In exactly two weeks I will be starting my maternity leave. By this you can infer that I am currently very large. And tired and uncomfortable. But mostly just large.
This largeness does not go unnoticed by the students I work with.
Although the comments, particularly from children with autism have been going on all year, but now that I seem to be expanding daily, AND the students know that I'll be leaving soon the comments, concerns and questions are amplifying.
"Why do you keep your baby in your belly?" (From a third grader with autism)
Another third grader: So how do you get the baby out?

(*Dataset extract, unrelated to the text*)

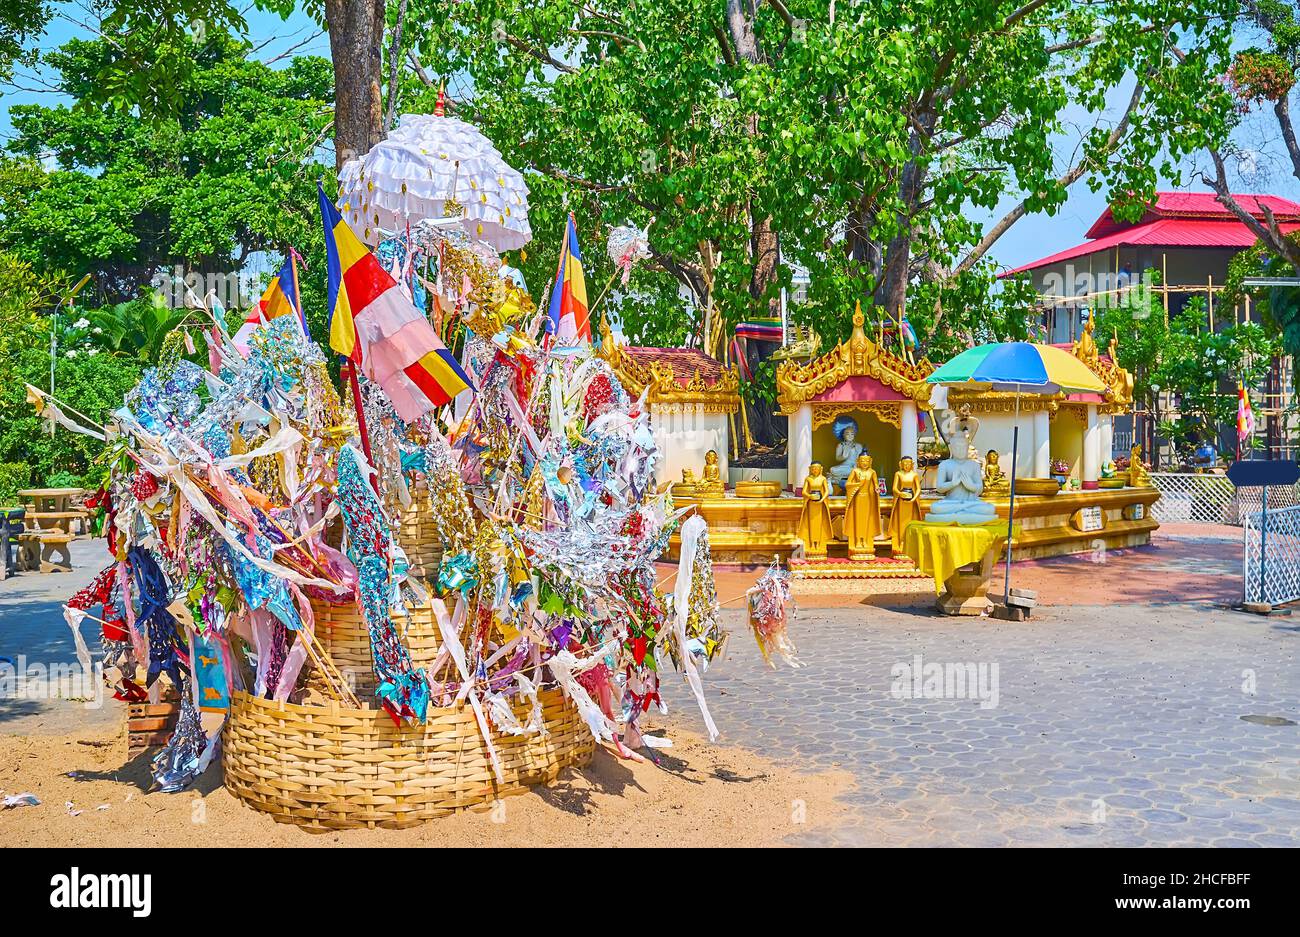 The courtyard of Wat Sai Moon Myanmar temple with sculptures around the Bodhi Tree and the small wicker wooden stupa (chedi) with colorful garlands, f Stock Photo
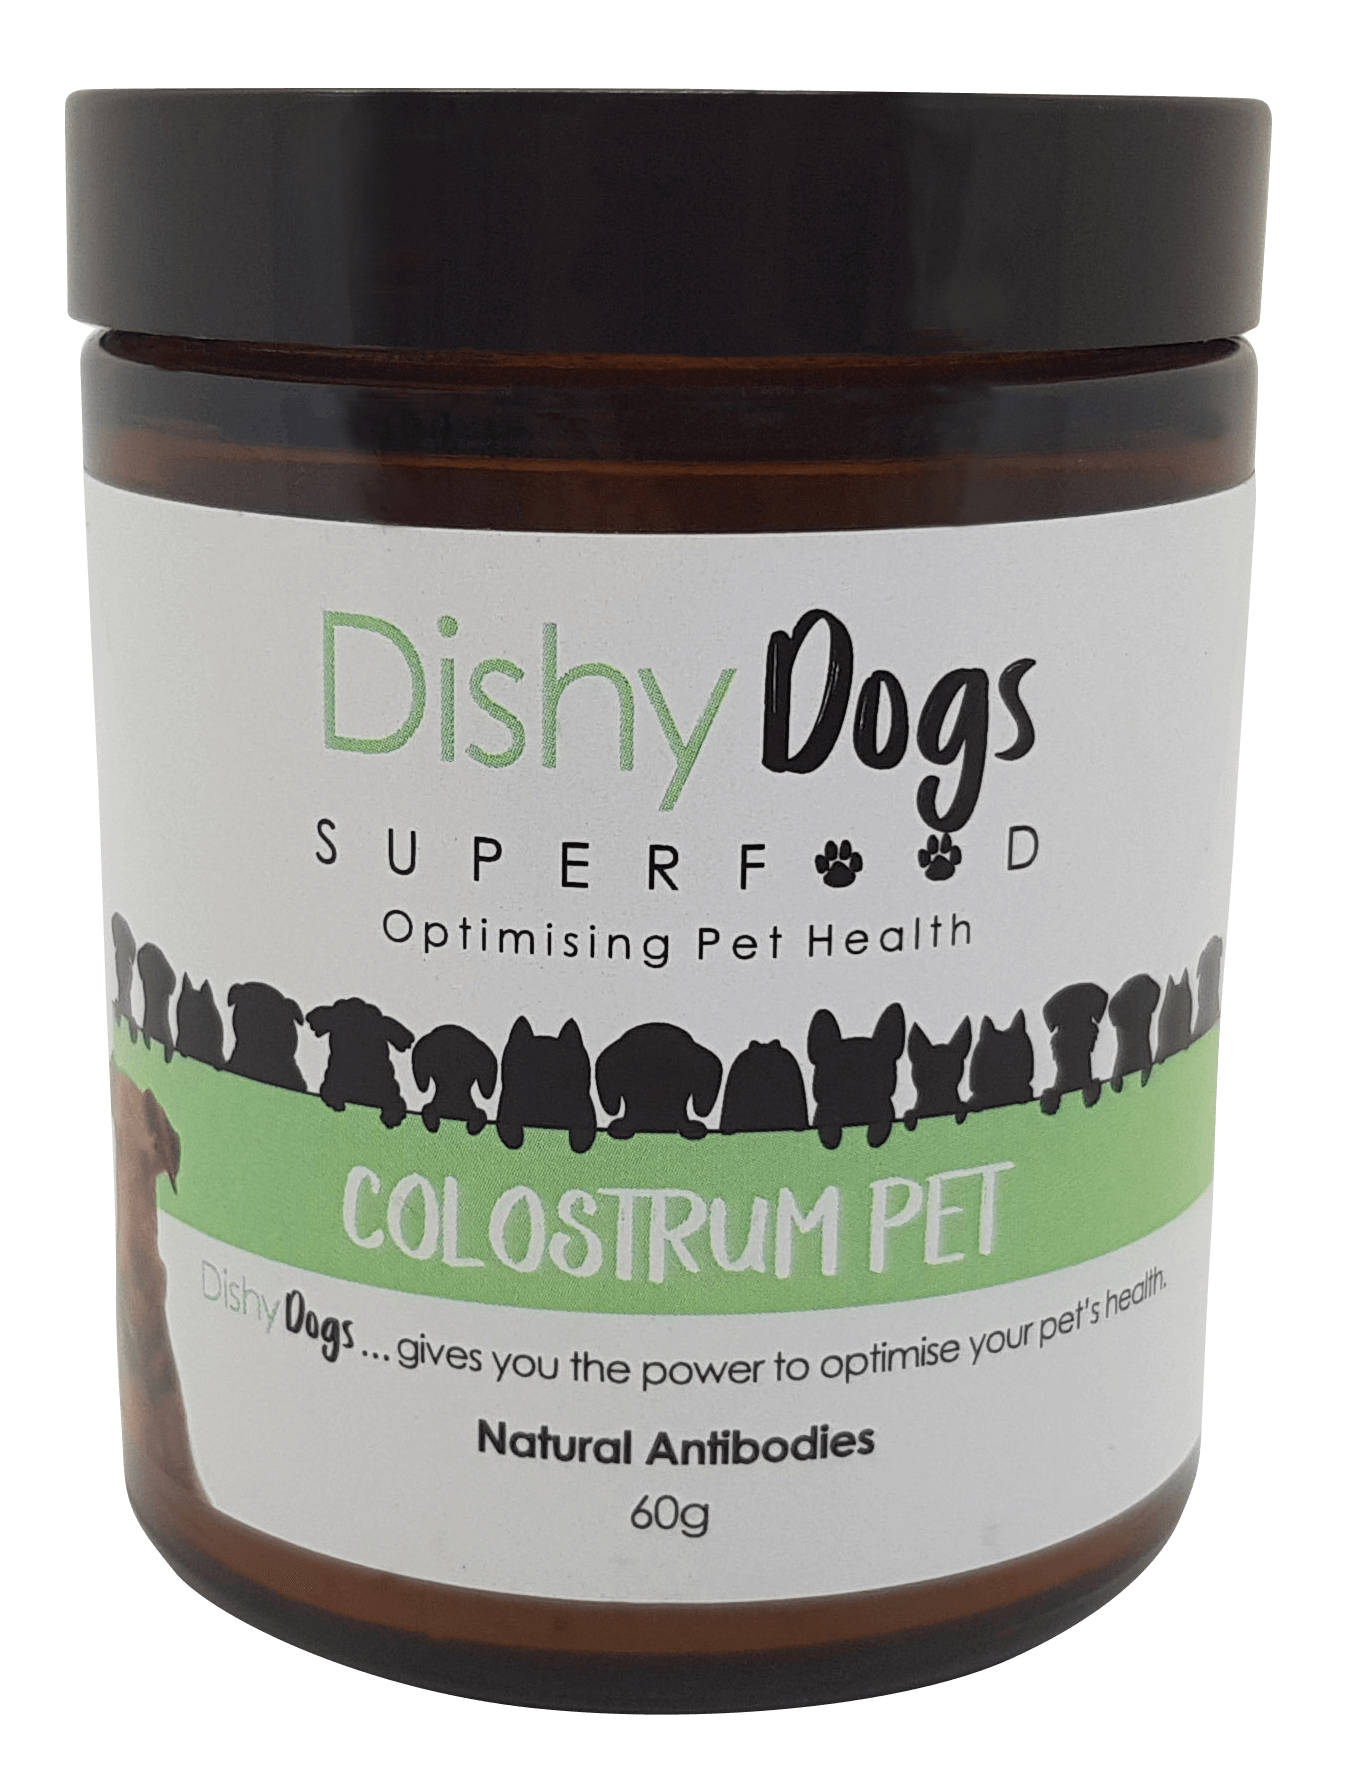 colostrum for dogs, colostrum for puppies, colostrum for dogs with cancer, colostrum for dogs with allergies, is colostrum safe for dogs, colostrum for dogs with kidney disease, colostrum for dogs near me

Me: I'll go to the doctor and they'll deliver the baby.
Him: How do they deliver it? They put it in a box and mail it to the hospital and give it to you like delivering a package?
Me: That word deliver makes it sound like that huh? Let's get back to work...
I went to pick up a kindergarten student today for reading group. This was only the second time he was in my group and I guess the first time he didn't notice my large belly. His class was working quietly at reading workshop and I was trying my best to get him and his reading group out of the classroom without disruption. Yet the poor boy couldn't take his eyes off my belly. "Why is your belly so big?" he asked me loudly. When I gave him the quiet signal and pointed toward the door to indicate that he should line up he turned to his friends."Why is her tummy so large? Is her belly big? What's wrong with it?"
I can only imagine the horror he was going through trying to figure out why a teacher would walk around with such a large belly.
At the end of reading group, his eyes still glued to my stomach he asked, "Why did you want to put a baby in your belly?"
"Mrs. Lipstick, when you're baby comes can I be your respite care baby sitter?"
I'm totally touched that this third grade boy would offer, and I do love that he called it respite care. But no. Not going to be the baby sitter.
I'm starting to think that teachers should be granted maternity leave months before the baby is born so we don't have to handle these awkward social questions.